VMD DisRg: New User-Friendly Implement for calculation distance and radius of gyration in VMD program.

UNLABELLED: Molecular dynamic simulation is a practical and powerful technique for analysis of protein structure. Several programs have been developed to facilitate the mentioned investigation, under them the visual molecular dynamic or VMD is the most frequently used programs. One of the beneficial properties of the VMD is its ability to be extendable by designing new plug-in. We introduce here a new facility of the VMD for distance analysis and radius of gyration of biopolymers such as protein and DNA. AVAILABILITY: The database is available for free at http://trc.ajums.ac.ir/HomePage.aspx/?TabID/=12618/&Site/=trc.ajums.ac/&Lang/=fa-IR.

Background

Molecular dynamic simulations of biological macromolecules are practical tools for exploring physical basics of structures and functions [1]. There are several programs for visualization and analysis multiple bimolecular structures such as visual molecular dynamic (VMD) [2]. The VMD contains a lot of setting to visualize and is a powerful tool for analysis the structure and trajectories that have been produced by most popular simulation packages, such as NAMD [3], CHARMM [4], Amber [5] and GROMACS [6] that have built-in scripting systems.

Furthermore, distance analysis of two selected regions of biopolymers is important in molecular dynamic simulation. For instance, the exact calculation of distances between atom pairs, between N-ter and C-ter, between Cα of two residues, between center mass of two chains in dimers, and between ligand and receptor are critical in molecular investigation [7, 8].

Generally, the center mass indicator might be evaluated by the formula (Please see supplementary material for equation (I)).

Other significant point for analysis of molecular structures is the Radius of gyration. With other words, Structural changes in a time dependent manner that determines the protein structure compactness [9]. The Rgyr of a protein is indicated as the root mean square distance from each atom of the protein to its centroid, which is calculated by the formula (Please see supplementary material for equation (II)).

Distance calculation and Radius of gyration are two significant indicators being frequently used in structural analysis. But, there is no graphical user interface implement within VMD software to calculate the above mentioned parameters. Therefore, we aimed to design a new plug –in for VMD software to extent its application. The new user friendly plugin is designed under the VMD program by the TCL script in the TK language with the requirement of PDB or trajectory files. We termed the new plug-in to VMD DisRg, which makes the use of different programs unnecessary. The VMD DisRg plug-in is a sub-function under the utility ‘extension’.

Software Input

The Plug-in DisRg consists of 5 sections (Figure 1a): Section1 contains the “select molecule” for choosing molecule from displayed DCD trajectory or PDB under the VMD. Section2 has the facility for the distance analysis with the ability of selectable regions of interest. Section3 is for investigating the radius of gyration. For both section 2 and 3, there are two optional plot and sphere scale. By the use of plot (active form), a graphic output is provided during entire simulation.

Software Output

Section 2 or the distance section calculates the distance based on selections including: 1) Distance between two single atoms; 2) Distance between center of mass of residues; 3) Distance between center of mass of two chains, and 4) Distance between center of mass of ligand and chain or regions. In addition, radius of gyration can be calculated for displayed structure and trajectories in section3 (Figure 1b).

Figure 1

(a) The main panel of VMD DisRg; (b) Illustration of radius of gyration during simulation; (c) The distance of the center mass is shown graphically (the distance between two chains of a complex are calculated).

Section 4 is designated as “log file” for observing the results. Autonomously, the output file can be saved in the directory being accessible by a DAT file that is compatible with other script formats. Technical implementation of the plug-in is the visualization of the selection region in two forms for atoms and center mass of given sphere (Figure 1c). The User has the ability to change the radius of sphere by handling the sphere scale.

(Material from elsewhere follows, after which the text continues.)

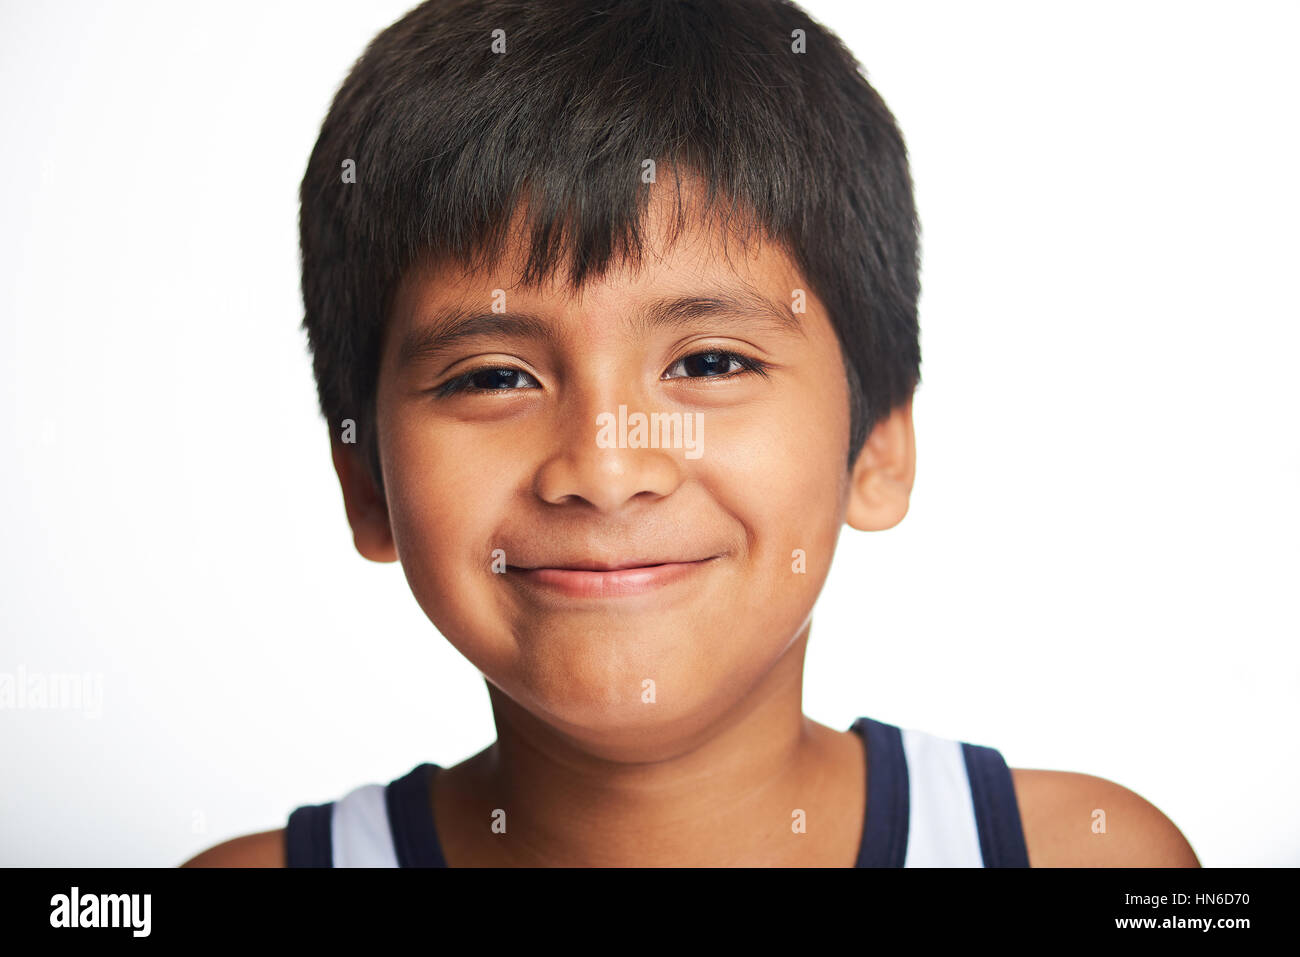 portrait of hispanic little boy with smile isolated on white Stock Photo

Caveat & Future development

VMD is a practical tool for biopolymers study that has been applied by many researchers with the aim to calculate some structural features with reasonable graphical visualization as output results. One of the interesting facilities in the VMD is the modus ‘extension’ by its assistance the software can be extended by new plug-ins [2].

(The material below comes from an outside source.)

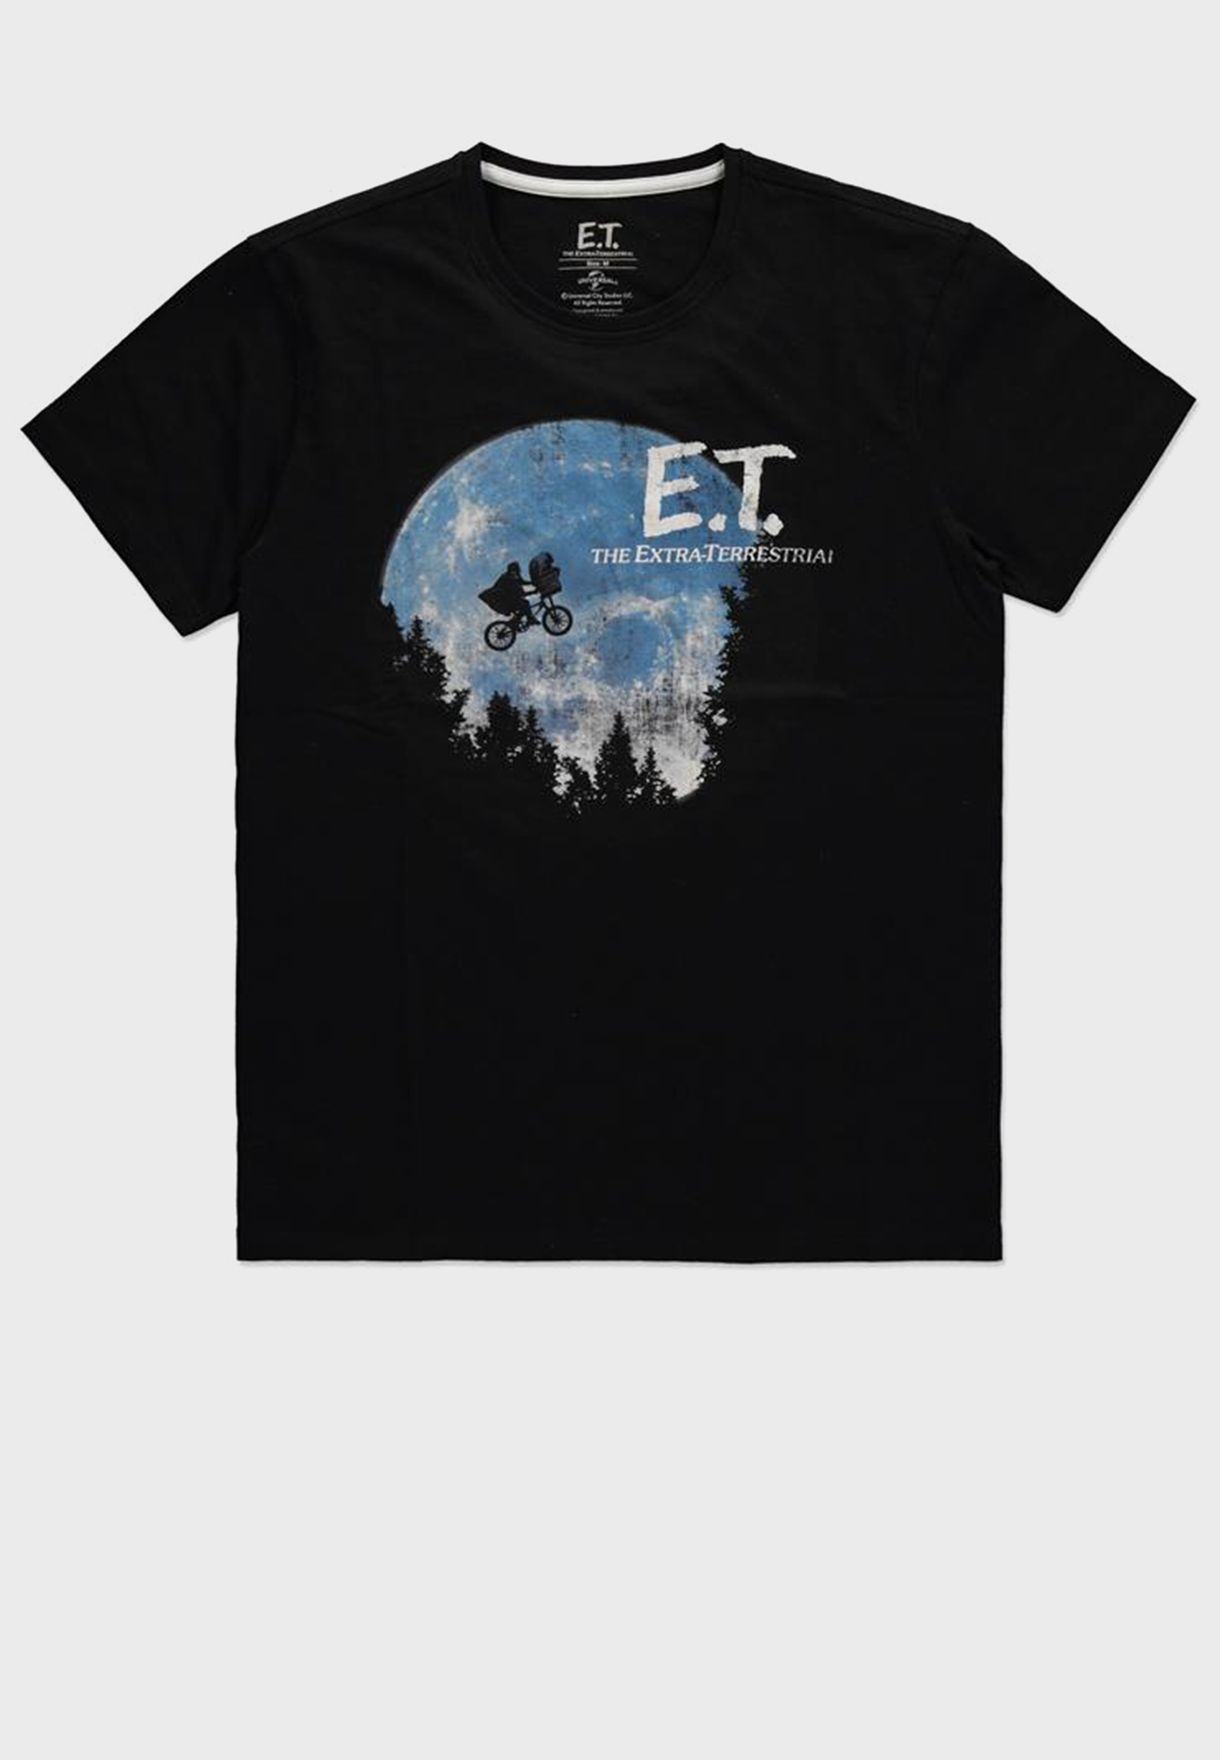 Universal E.T. The Moon

Moreover, distance and Rgyr are two critical characteristics for protein structure analysis, which can be calculated by VMD but with no graphically plug-in. Therefore, we aimed to add a new plug-in under the VMD to calculate these mentioned analysis, easily. We developed a friendly graphical user interface (GUI), which has some advantages: Calculation of distance and Rgyr during trajectories by drawing plot, User's selection is showed in OpenGL Display of the VMD; as a result, the User can monitor distance of COM selections (displaying COM is a novel graphical facility for User). Further advantage is that the output data can be saved in a directory or would be directly seen in the window ‘log file’. With this plug-in the User can calculate some properties with easy clicks, so that an inexperienced User might have success with these new conveniences. It is to remark that the VMD program promises additional user interface plug-in.